That's some accolade, although one wonders where it leaves Sir Ridley Scott, Mike Leigh or even Lord Attenborough. However the truth is, they would probably go along with the organisers' veneration for Loach. For you see, Ken remains true to himself. He doesn't compromise, and in the eyes of the impressionable artistic world, there can be no greater compliment, even for those who might shy away from his particular brand of unyielding, unrelenting dogma — that is, if they even understand it.
Loach has made many films and TV dramas set in widely different milieux, but in the end, from Cathy Come Home in 1966 to his 2006 Cannes winner The Wind That Shakes the Barley, they are essentially there to serve the same, hard-Left story. This is certainly not to say that they are all bad films. He may be humourless and bereft of a light touch, but there is no doubting that Loach is a skilled director of the realist school who draws sometimes excellent performances from his often unknown actors. Still used as an example of what commercial television can achieve at its best, Cathy Come Home — the story of how an impoverished young family is ripped asunder by uncaring social services — was genuinely innovative for its time. It also had real consequences: it was a factor in the creation of Shelter, the charity for the homeless.

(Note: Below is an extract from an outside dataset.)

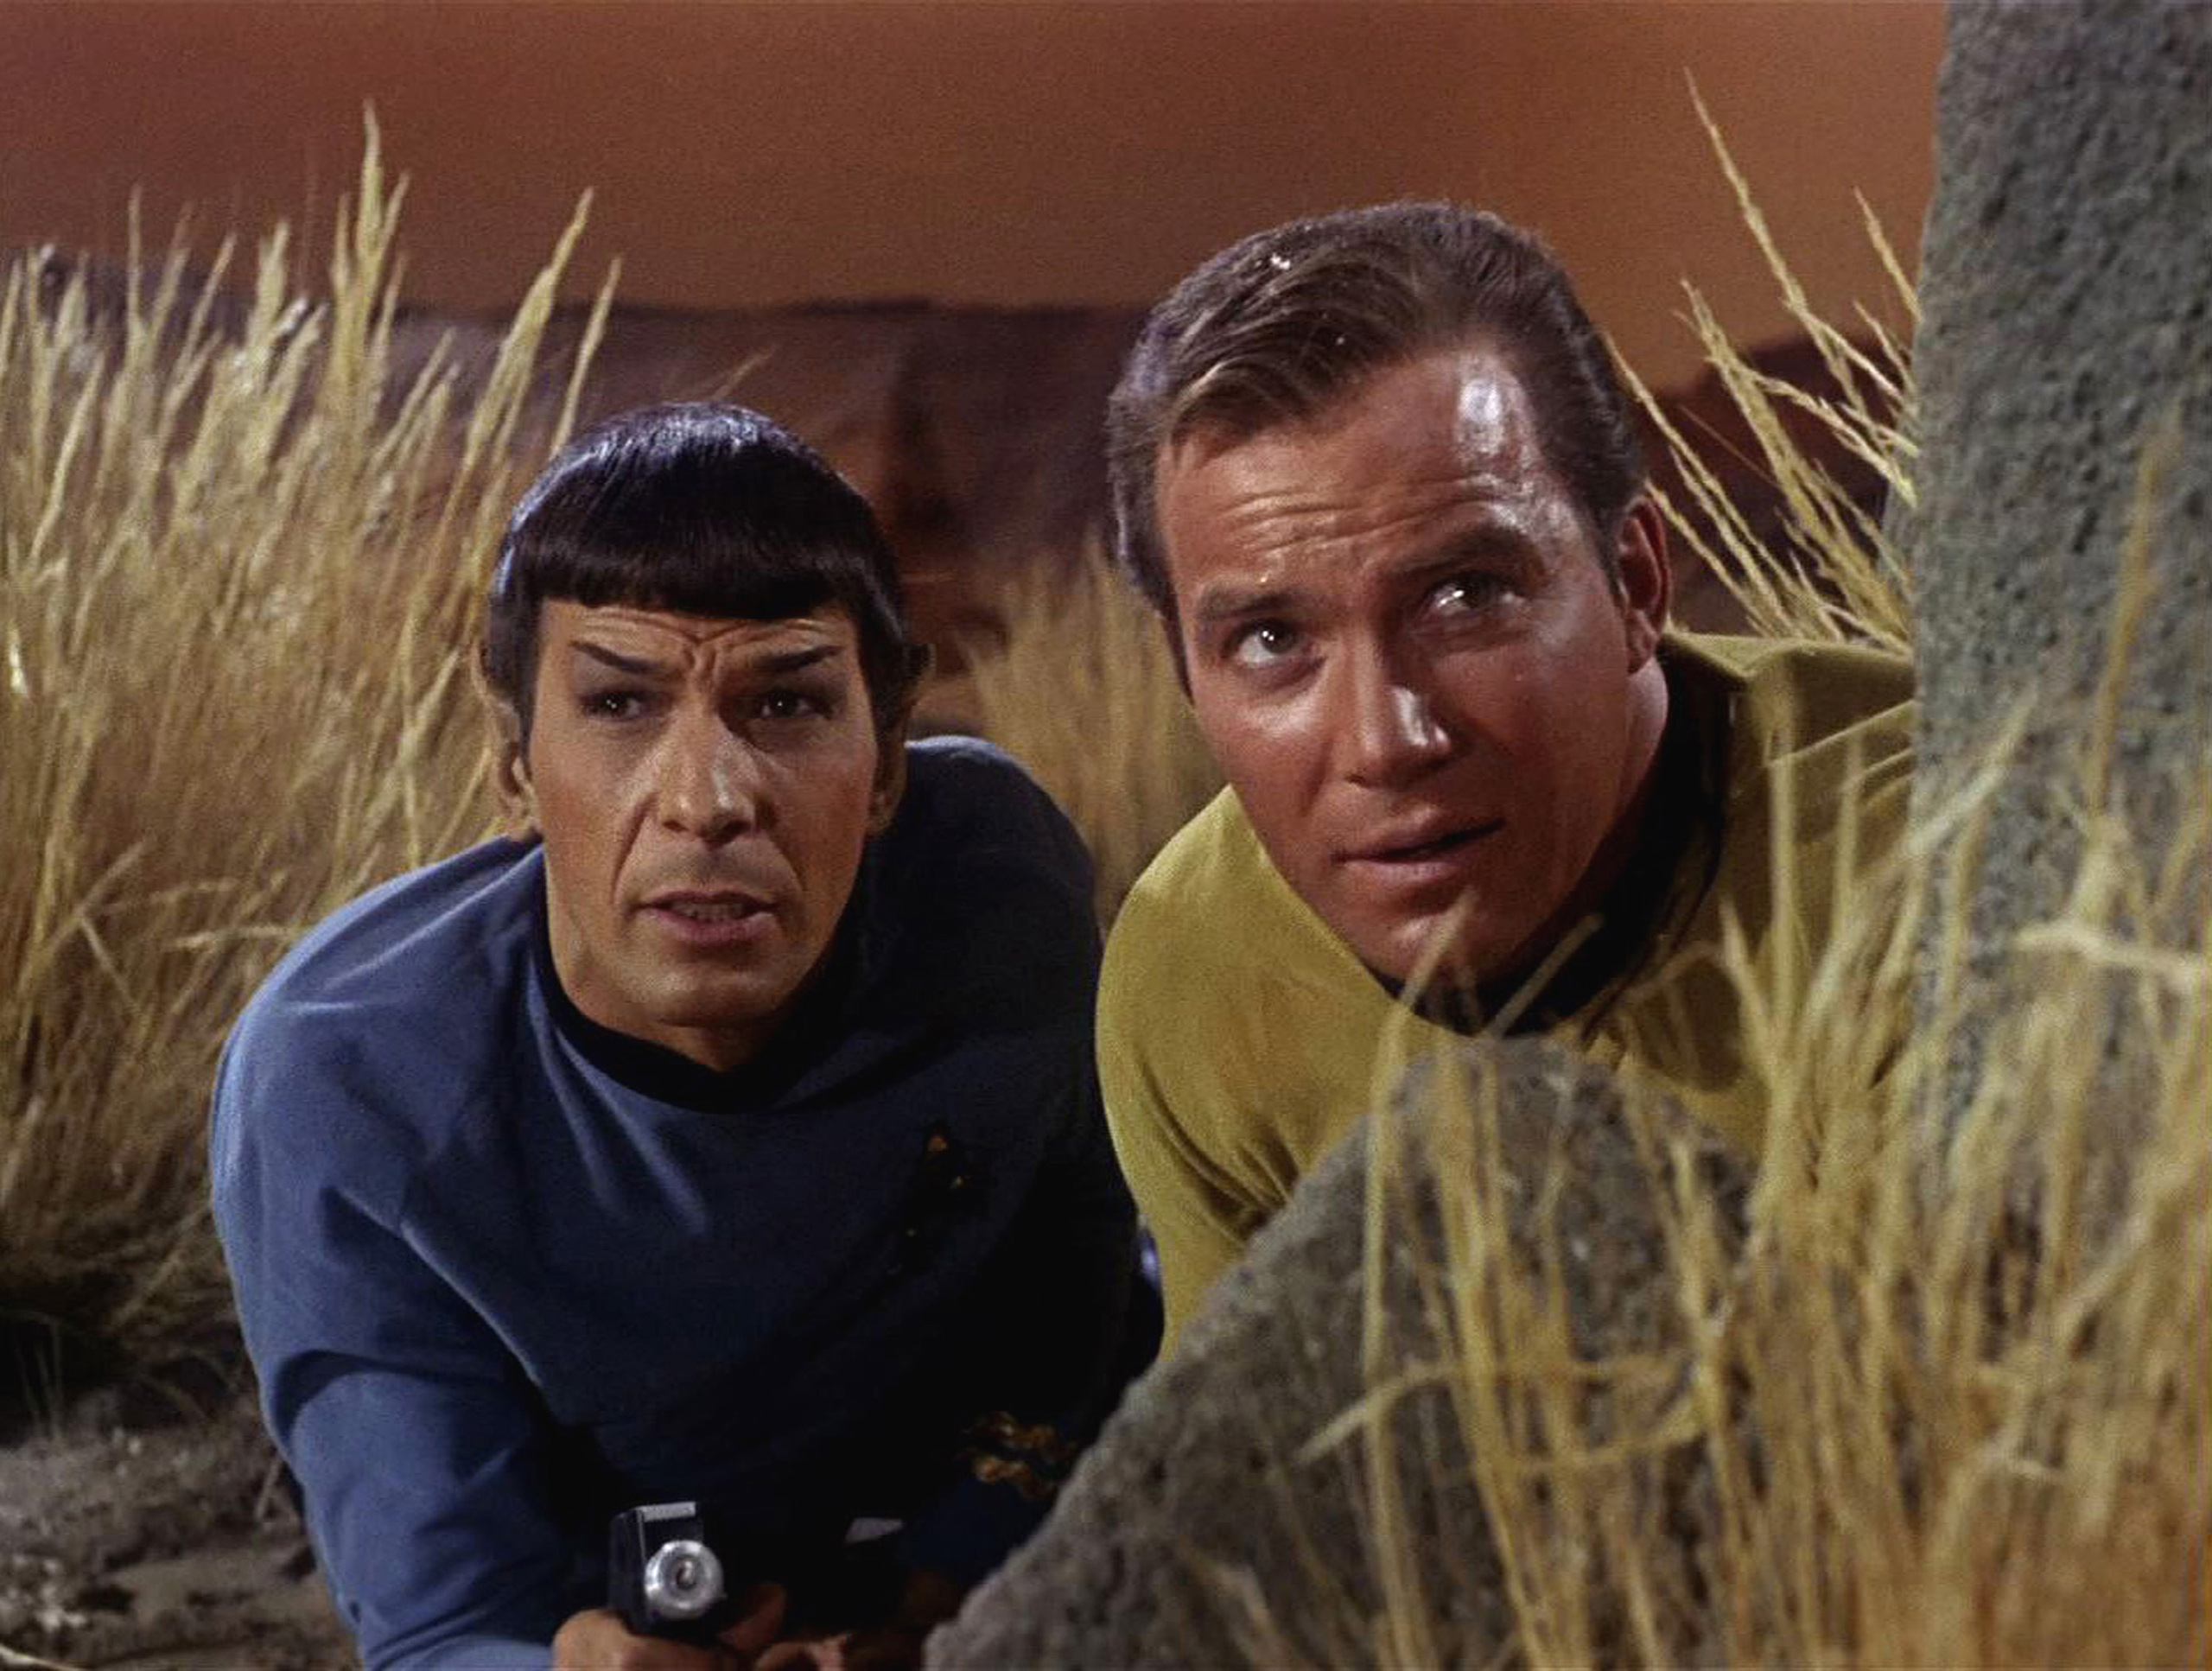 Leonard Nimoy as Mr. Spock and William Shatner as Captain James T. Kirk in the premiere episode of Star Trek, Sept. 8, 1966. (CBS/Getty Images)

The problem is that while times and circumstances change, Loach stays the same. In its portrayal of a single mother's treatment by social workers, 1994's Ladybird Ladybird ploughed a similar furrow to Cathy Come Home, but failed to resonate in anything like the same way, probably because the rights and wrongs of the benefit system, and the question of personal responsibility, had become far more complex and contentious issues 30 years later for an audience brought up with welfare and aware of its abuses. For even sympathetic viewers, the feeling lingered after the credits that, just maybe, the central character should take some of the blame for what had happened to her. For Loach, however, time had stood still; there was no question about who the baddies were.
Far more egregious in this respect was The Wind that Shakes the Barley, a pro-IRA film which portrayed the British more or less as music-hall villains and Irish Catholics as desperate, trodden-upon-saints. Again well-made and acted, it is nevertheless a piece of propaganda, which worked best for those who either knew nothing about the conflict, or for the National Film Theatre crowd who went along hoping to have all their prejudices confirmed. And that might well be Loach's tragedy in the end: he's doomed to be loved by a big part of the bourgeoisie.
Few working-class people have even heard of him. Like Woody Allen, Ken Loach has his audience and, like Woody's, they stay with him while the rest of the world moves on.